Bron: Sulosaari V, et al. The effectiveness of mindfulness-based interventions on the psychological well-being of nurses: A systematic review. Applied Nursing Research 2022. 64: 151565.


De implementatie van vroegtijdige zorgplanning voor oudere personen: structurele uitdagingen

Bastiaan Van Grootven, Nursing Science, Department Public Health, University of Basel; Department of Public Health and Primary Care, KU Leuven.

Context

De zorg voor oudere personen kenmerkt zich door een complexiteit van multimorbiditeit, kwetsbaarheid en diverse sociaal-psychologische noden en zorgvragen. Als gevolg worden oudere personen opgevolgd in de eerstelijnszorg, hebben ze af en toe nood aan acute zorg, en komen de meesten vroeg of laat in aanraking met residentiële zorg. Een zorgtransitie tussen settings (bijvoorbeeld een opname in het ziekenhuis) is vaak een kritiek punt waarbij er nood is aan informatie uit een andere setting om de zorg goed te kunnen plannen. Vroegtijdige zorgplanning is een effectieve interventie om met deze complexiteit om te gaan zodat de wensen, doelen en waarden van personen centraal staan in de zorg. In België is vroegtijdige zorgplanning voornamelijk geïmplementeerd onder de vorm van een ‘DNR’-code, maar het concept kan veel meer dan dit betekenen. In Signapore werd in nationaal programma voor vroegtijdige zorgplanning geïmplementeerd in de drie grote settings (ziekenhuis, eerstelijn en residentieel).

Doelstelling

Deze studie onderzocht de ervaringen van hulpverleners met de implementatie van vroegtijdige zorgplanning, om te onderzoeken wat de grote uitdagingen waren.

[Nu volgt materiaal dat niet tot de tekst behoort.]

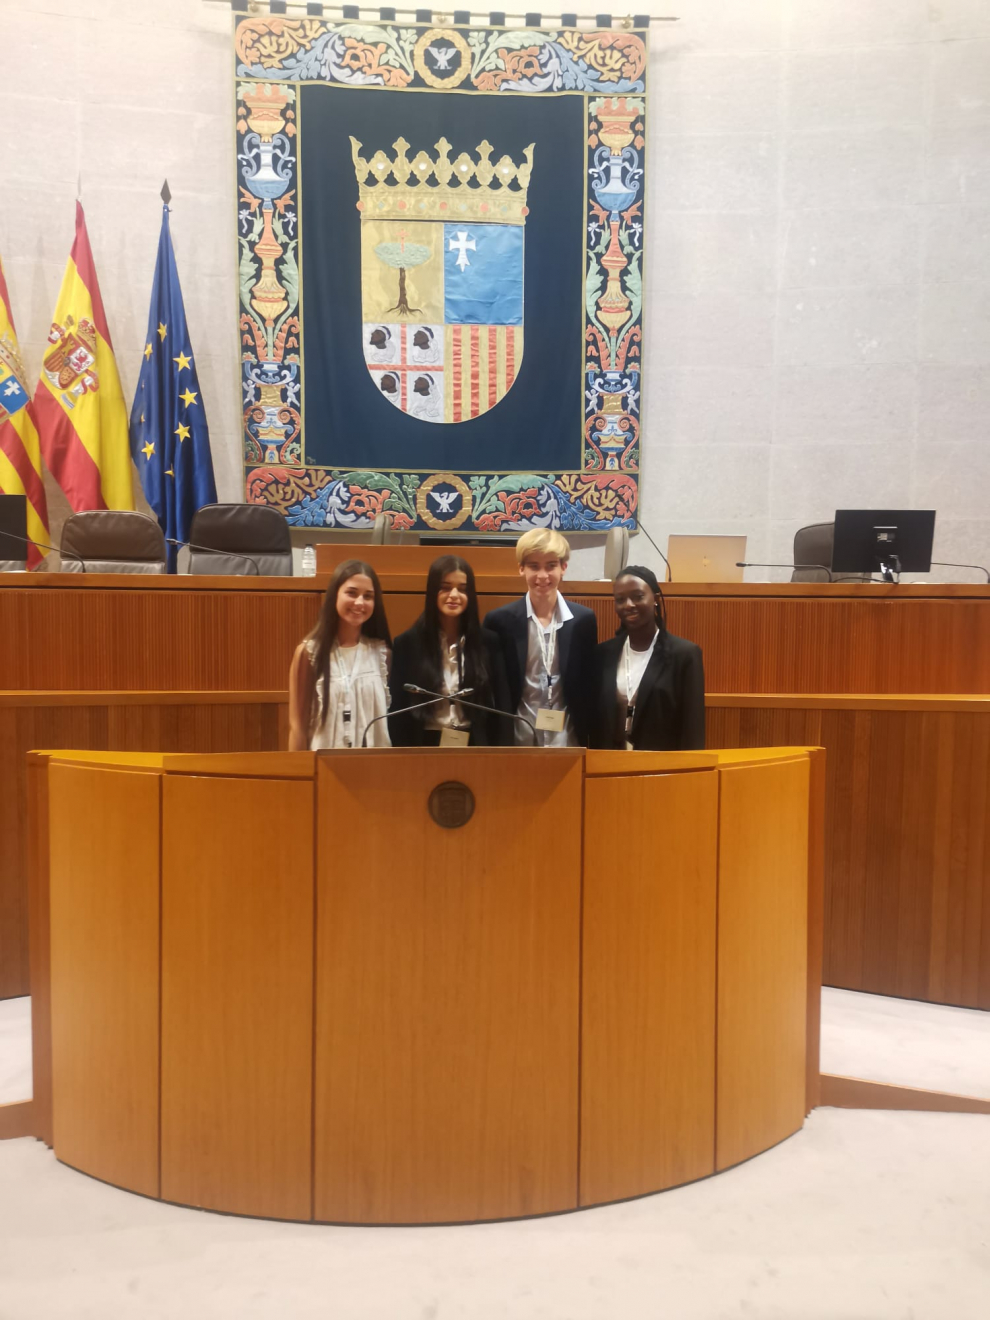 El foro se celebró en Zaragoza y dos de ellos expusieron las conclusiones del debate ante 27 ministros de Educación de la Unión Europea, entre ellos, Pilar Alegría.

Samenvatting van de resultaten van de studie

107 hulpverleners participeerden in focusgroepdiscussies. Op het niveau van de hulpverleners was taal een belangrijke barrière. Op niveau van het implementatieproces ervaarden hulpverleners een gebrek aan training (een eenmalig trainingsprogramma was niet voldoende), vonden ze gesprekken rond vroegtijdige zorgplanning complex (dit werd als tijdrovend beschouwd), veel gesprekken werden niet geregistreerd in het online systeem of hulpverleners wisten niet hoe ze vroegtijdige zorgplanningsdocumenten moesten raadplegen. Op niveau van de context was er een gebrek aan bewustzijn rond vroegtijdige zorgplanning bij oudere personen (hulpverleners vonden dat veel patiënten er niet voor open stonden), en partnerships tussen zorgorganisaties werden als essentieel geacht om zorgplanning structureel te integreren. Binnen organisaties hadden leidinggevende een belangrijke rol. Dit ging over het uitspreken van steun, het creëren van een cultuur van vroegtijdige zorgplanning, het investeren in ondersteunende systemen, en het engageren van artsen.

Conclusie

De implementatie van vroegtijdige zorgplanning is complex en dient ondersteund te worden op verschillende niveaus.

Gevolgen voor de praktijk

De resultaten tonen aan dat vroegtijdige zorgplanning de goede wil van een verpleegkundige, afdeling of zelfs instelling overstijgt. De belangrijkste factoren voor een goede implementatie bevinden zich op het niveau van hoe we zorg organiseren. Dit vraagt een coördinatie op nationaal niveau, integratie van vroegtijdige zorgplanning in alle elektronische patiënten dossiers, structurele samenwerking met regionale zorgpartners, gedragenheid door professionele organisaties, en een sterk leiderschap binnen gezondheidszorgorganisatie die een visie kunnen vertalen in goede zorg.

 

Bron: Malhotra  C, et al. Complexity of implementing a nationwide advance care planning program: results from a qualitative evaluation. Age and Ageing 2022. 51:10. doi: 10.1093/ageing/afac224


Ziekenhuiszorg aan huis: een blik op de toekomst

Bastiaan Van Grootven, Nursing Science, Department Public Health, University of Basel.

Context

De COVID-19-pandemie daagde zorgsystemen uit om alternatieve vormen van acute zorg aan te bieden. Het concept ‘hospital at home’ – het aanbieden van tijdelijke ziekenhuiszorg bij de patiënt thuis – kwam zo in een stroomversnelling. Hulpverleners gaan naar patiënten thuis voor de diagnostiek (bv. labo), dagelijkse zorg (bv. wondzorg), opvolging (bv. parameters) en behandeling (bv. intraveneuze medicatie). Dit concept is niet gelijk aan telemonitoring, waarbij een patiënt vanop afstand wordt gemonitored.

Doelstelling

Deze studie onderzocht de impact van ‘hospital at home’ bij patiënten met een chronische ziekte die zich aanmelden op de dienst spoedgevallen. Eerder uitgevoerde studies over dit onderwerp werden op een systematische manier in kaartgebracht in een literatuurstudie.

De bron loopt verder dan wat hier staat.